Given $\frac{H(z)}{\prod_{n=1}^\infty \left(1-\left(\frac{z}{\lambda_n}\right)^2\right)} = \phi(z),$ determine if $\phi(z)$ is an entire function.

Question

Let us consider $\lambda_n=n-\frac14$ and define $$\frac{H(z)}{\prod_{n=1}^\infty \left(1-\left(\frac{z}{\lambda_n}\right)^2\right)}=\phi(z) $$ where $H(z)$ is an entire function. I would like to understand if $\phi(z)$ is an entire function. Below my attempt.

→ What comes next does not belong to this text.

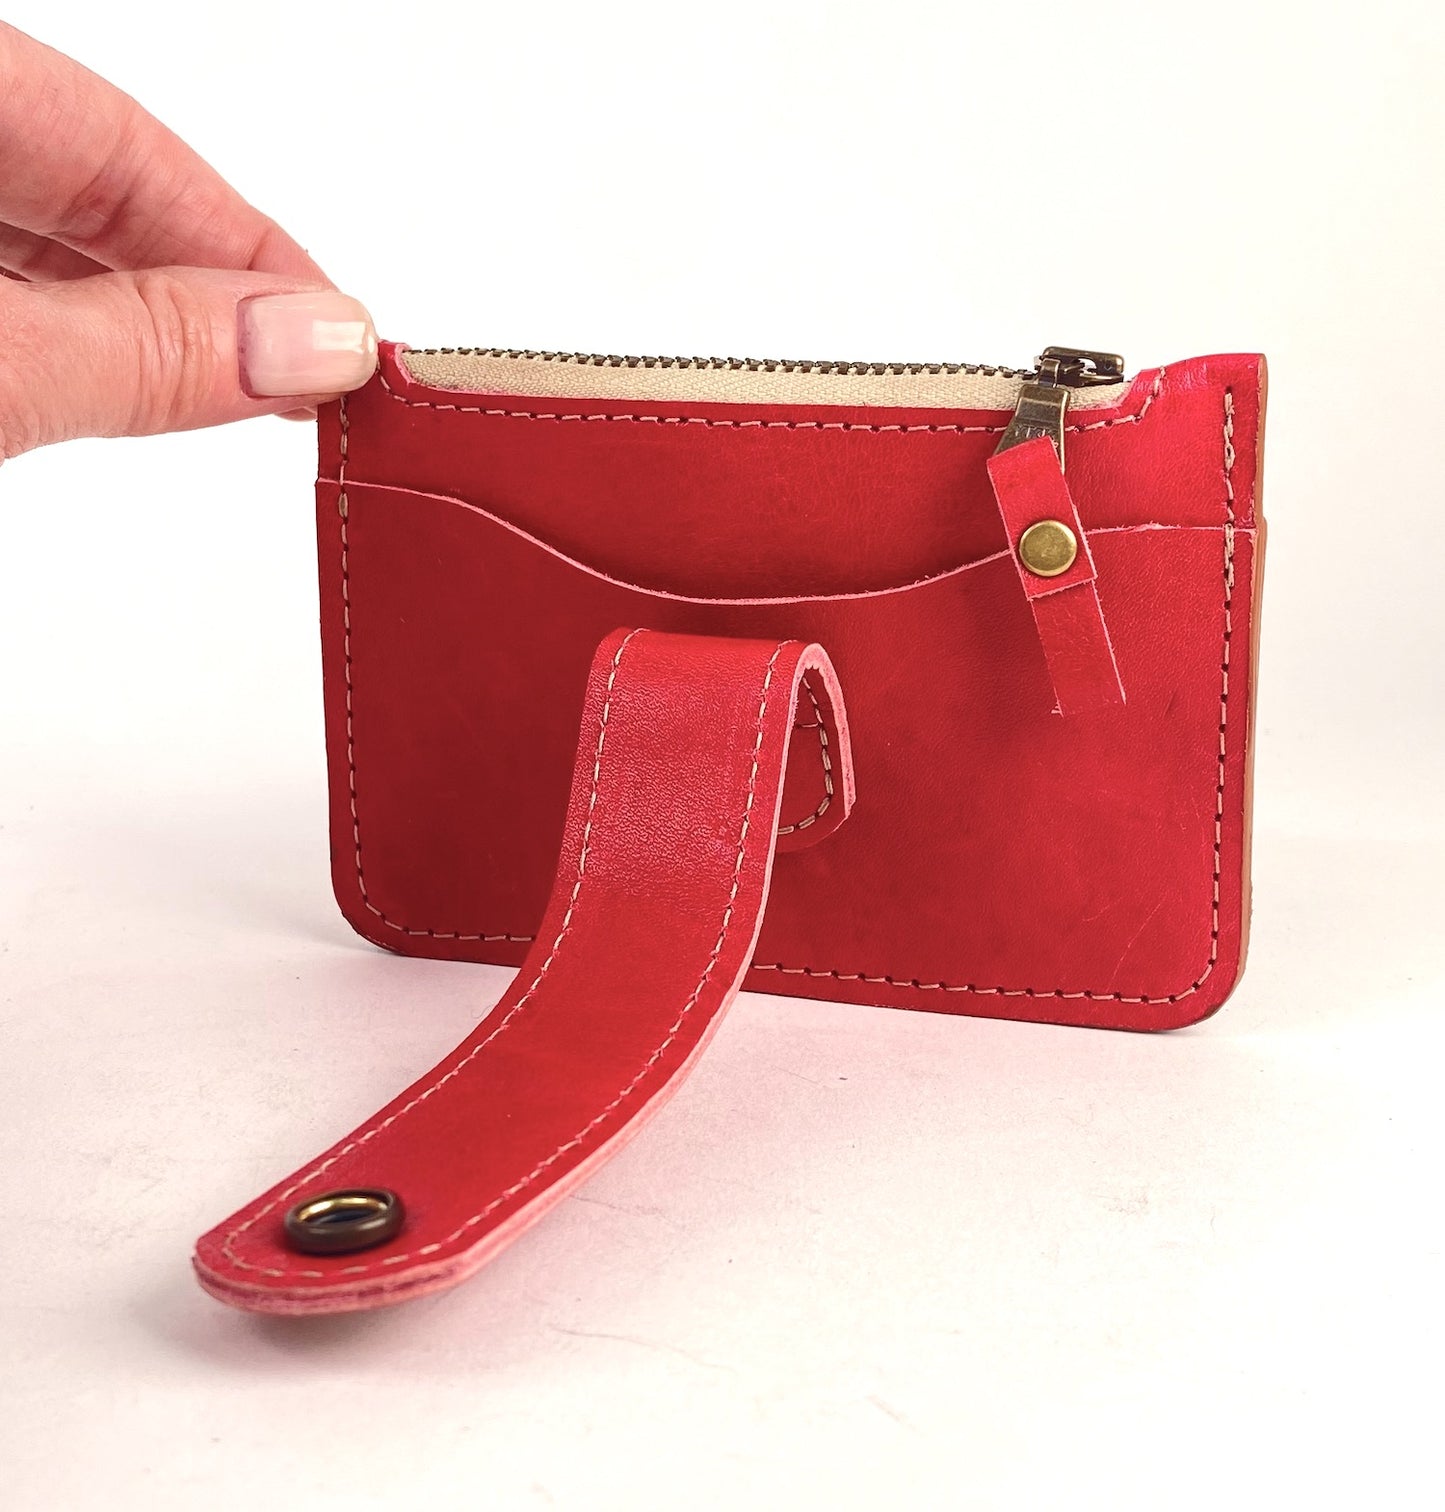 CardGuard Minimalist Leather Wallet in Red

Consider the infinite product $\prod_{n=1}^\infty \left(1-\left(\frac{z}{\lambda_n}\right)^2\right)$. This infinite product has zeroes at $z = \pm \lambda_n$, where $\lambda_n = n - \frac{1}{4}$.

Now:

1. If $H(z)$ and the product have the same zeros at $z = \pm \lambda_n$: In this case, both $H(z)$ and the product have zeros at $z = \pm \lambda_n$. When we take the quotient, these zeros cancel out, and $\phi(z)$ remains an entire function.

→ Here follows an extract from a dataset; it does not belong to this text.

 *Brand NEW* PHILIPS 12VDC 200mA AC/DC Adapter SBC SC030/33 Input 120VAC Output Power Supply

2. If $H(z)$ has additional zeros compared to the product: In this case, the zeros of the product are canceled out by the corresponding zeros of $H(z)$. The remaining zeros of $H$ become removable singularities, and $\phi(z)$ continues to be entire, am I right?

Answer 1

Let $P(z) = \prod_{n = 1}^\infty \left(1 - \frac{z^2}{\lambda_n^2}\right)$. We have for all $z$ in some ball of center $0$ and radius $R$, $\sum_{n = 1}^\infty \frac{z^2}{\lambda_n^2} \leqslant R^2\sum_{n = 1}^\infty \frac{1}{\lambda_n^2} < +\infty$. We deduce that the product $P$ is uniformly convergent on any compact set when $z$ is not a $\pm\lambda_n$ (in the sens of products i.e. the limit is not zero) thus it defines an entire function on $\mathbb{C}$ whose zeros are exactly the $\pm\lambda_n$ with multiplicity $1$ (because for all $n \neq m$, $\lambda_n \neq \pm\lambda_m$ and the $\lambda_n$ are all non zero).

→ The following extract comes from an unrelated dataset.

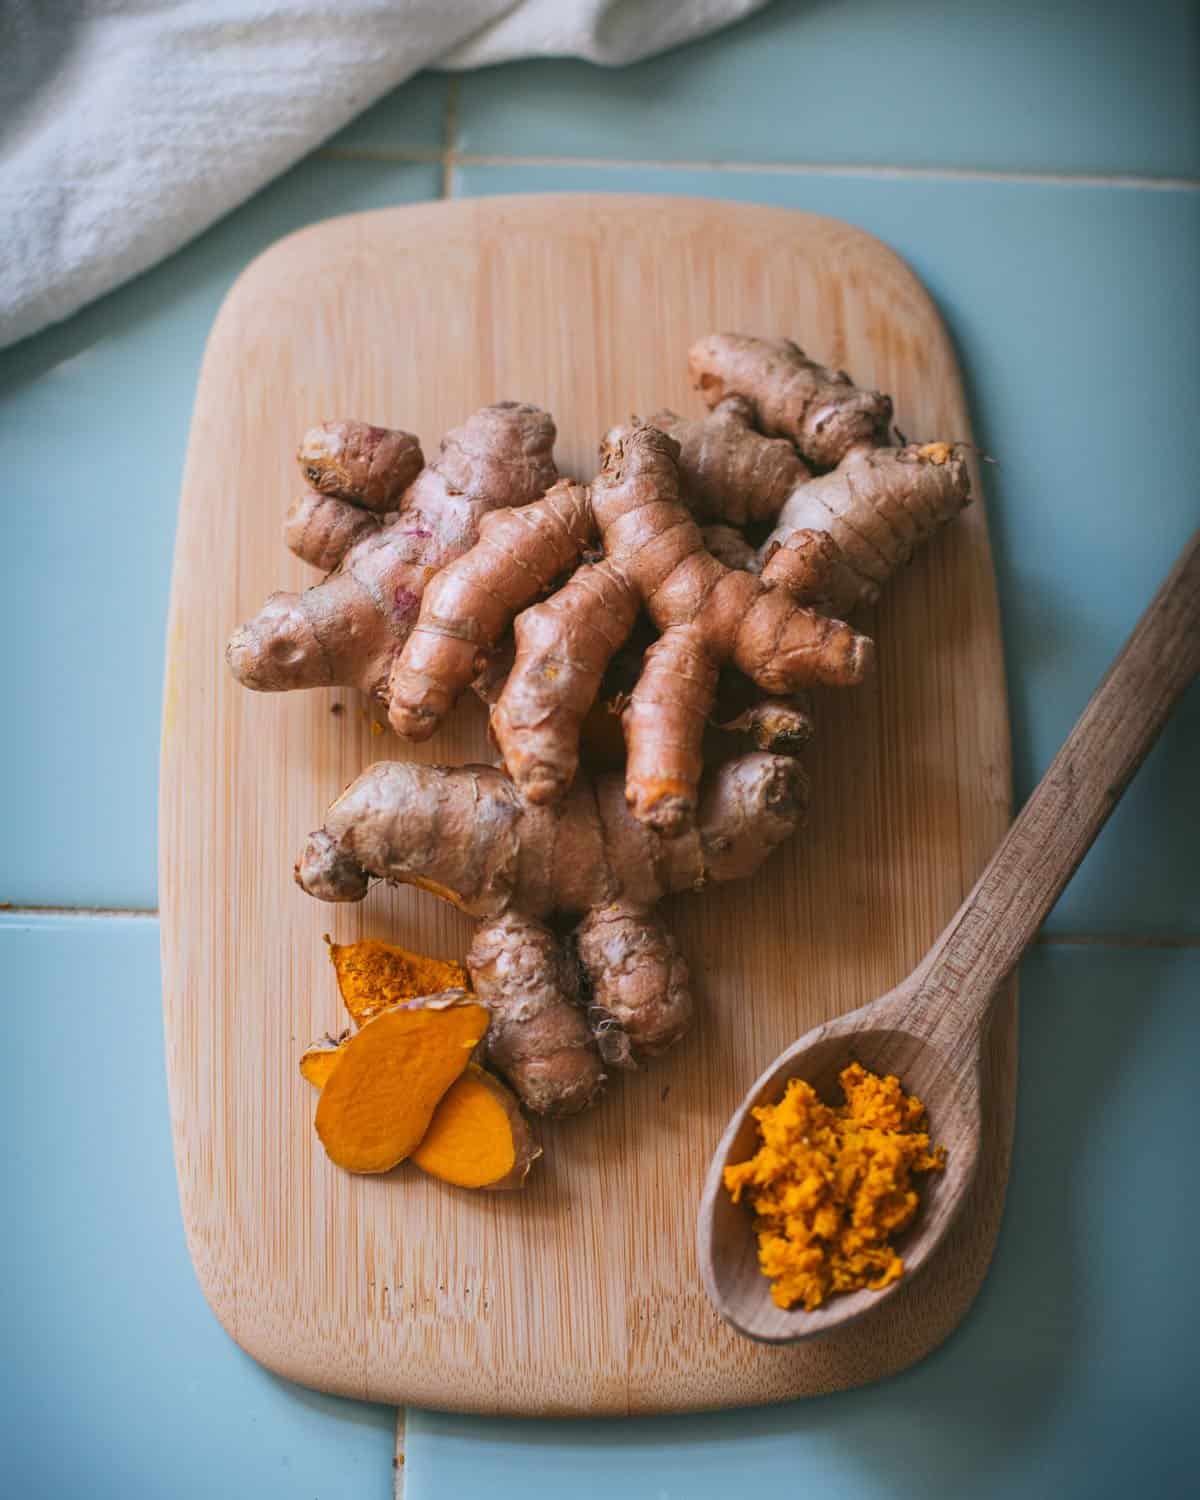 fresh whole, sliced, and grated turmeric root on a wooden cutting board

Therefore, $\phi$ is a meromorphic function on $\mathbb{C}$ by product of two meromorphic functions. It can have poles at $\pm\lambda_n$ if $H$ doesn't vanish at those points. The fact that the zeroes of $P$ all are simple implies that $\phi$ is holomorphic (hence entire) if and only if for all $n$, $H(\pm\lambda_n) = 0$ so the point $1.$ is true.

However, I don't understand your point $2.$, if $H$ has other zeroes (or multiple zeroes at some point of the form $\pm\lambda_n$), then $\phi$ have zeroes at those points too, but it can't add any pole.